この平地では、水が田畑へ送られる一方、道を通って人や荷物が行き交いました。上川・宮川がつくった平地は、農地、集落、町場、交通が並ぶ場所となってきました。

8|八ヶ岳山麓・上社圏・諏訪湖周辺との違い

八ヶ岳山麓では、湧水、沢、森林、原野、高所の集落が広がり、水や木、農産物などが平地へ下ってきました。上川・宮川へ入る水の源と、山麓での利用を読む土地です。

上社圏では、前宮、前宮神殿跡、高部の神長官守矢家、本宮が、宮川周辺の異なる場所に置かれ、道によって結ばれています。御柱が木落しや宮川の川越しを経て、前宮・本宮へ運ばれる土地です。

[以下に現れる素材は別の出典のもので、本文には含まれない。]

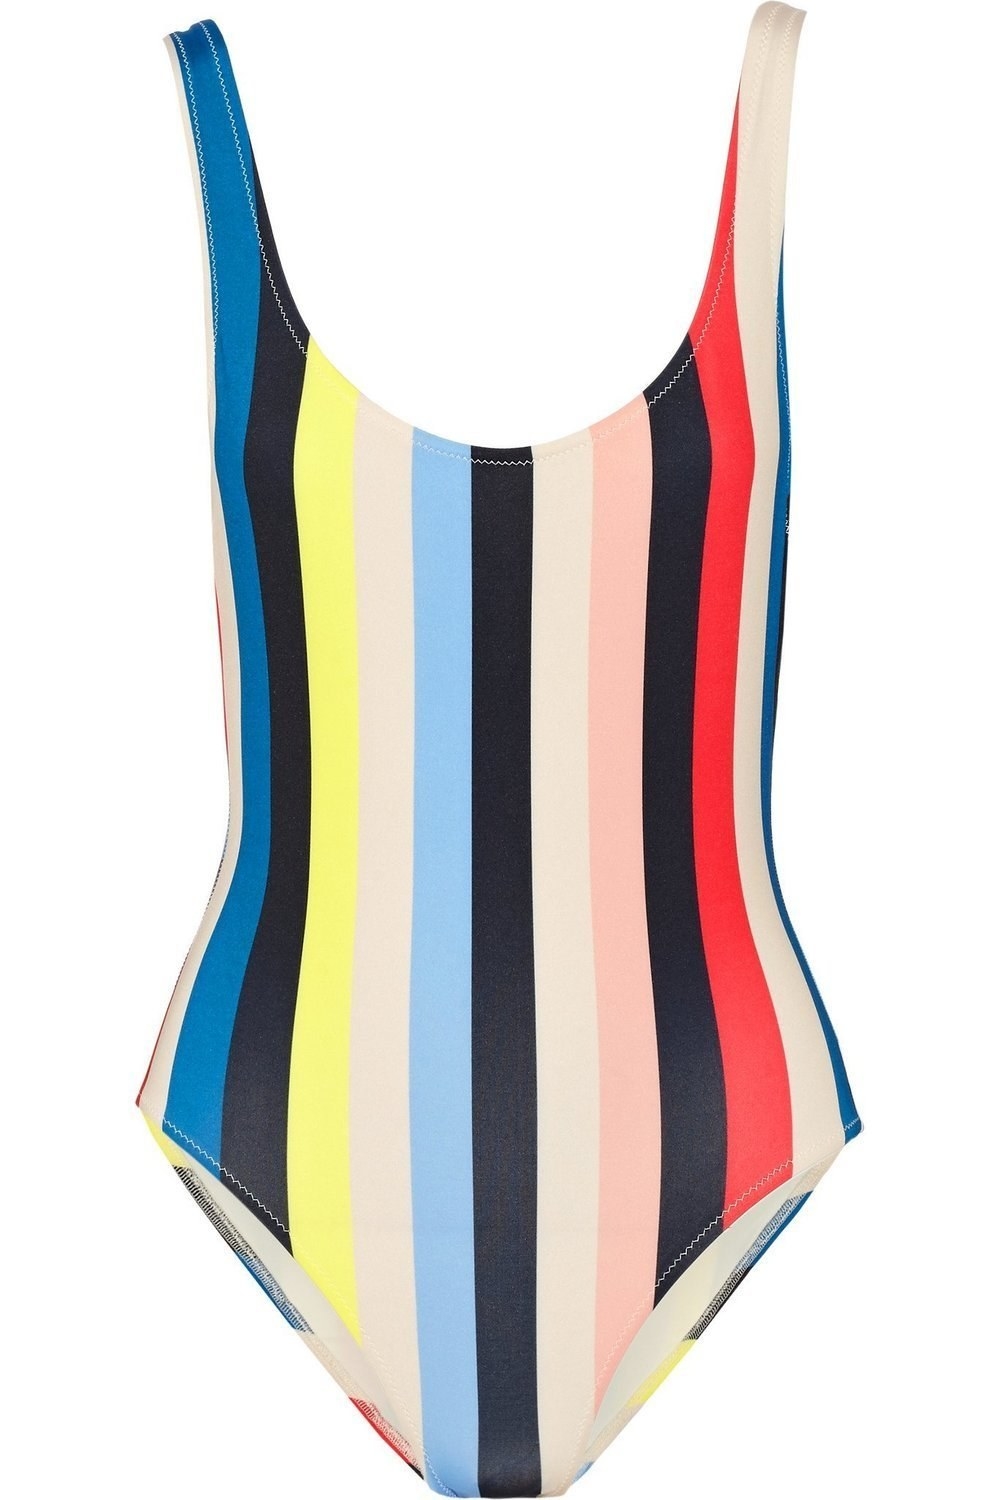 29 One-Piece Bathing Suits That Are So Much Better Than A Bikini

諏訪湖周辺では、上川・宮川などから流れ込んだ水が湖へ集まり、湖面と浅瀬が漁や田畑づくりに使われ、釜口から天竜川へ送り出されてきました。

これに対して上川・宮川流域では、山麓から下る水が湖へ届く前に川へ集まり、せぎによって別の川筋や田畑へ送られてきました。

ここでは、湖へ集まった後の水ではなく、山から下った水をどこへ分け、どの土地で使ったかが、暮らしの条件になってきました。

9|上川・宮川流域という土地の働き

八ヶ岳、蓼科山、霧ヶ峰などの山麓から下った水は、沢や小河川を通って上川と宮川へ集まりました。上川と宮川は水と土砂を運び、茅野から諏訪湖南岸にかけて沖積地をつくりながら、諏訪湖へ向かいました。宮川の下流では、水の一部が取翻川へ分けられ、上川へ流れ込む経路も設けられています。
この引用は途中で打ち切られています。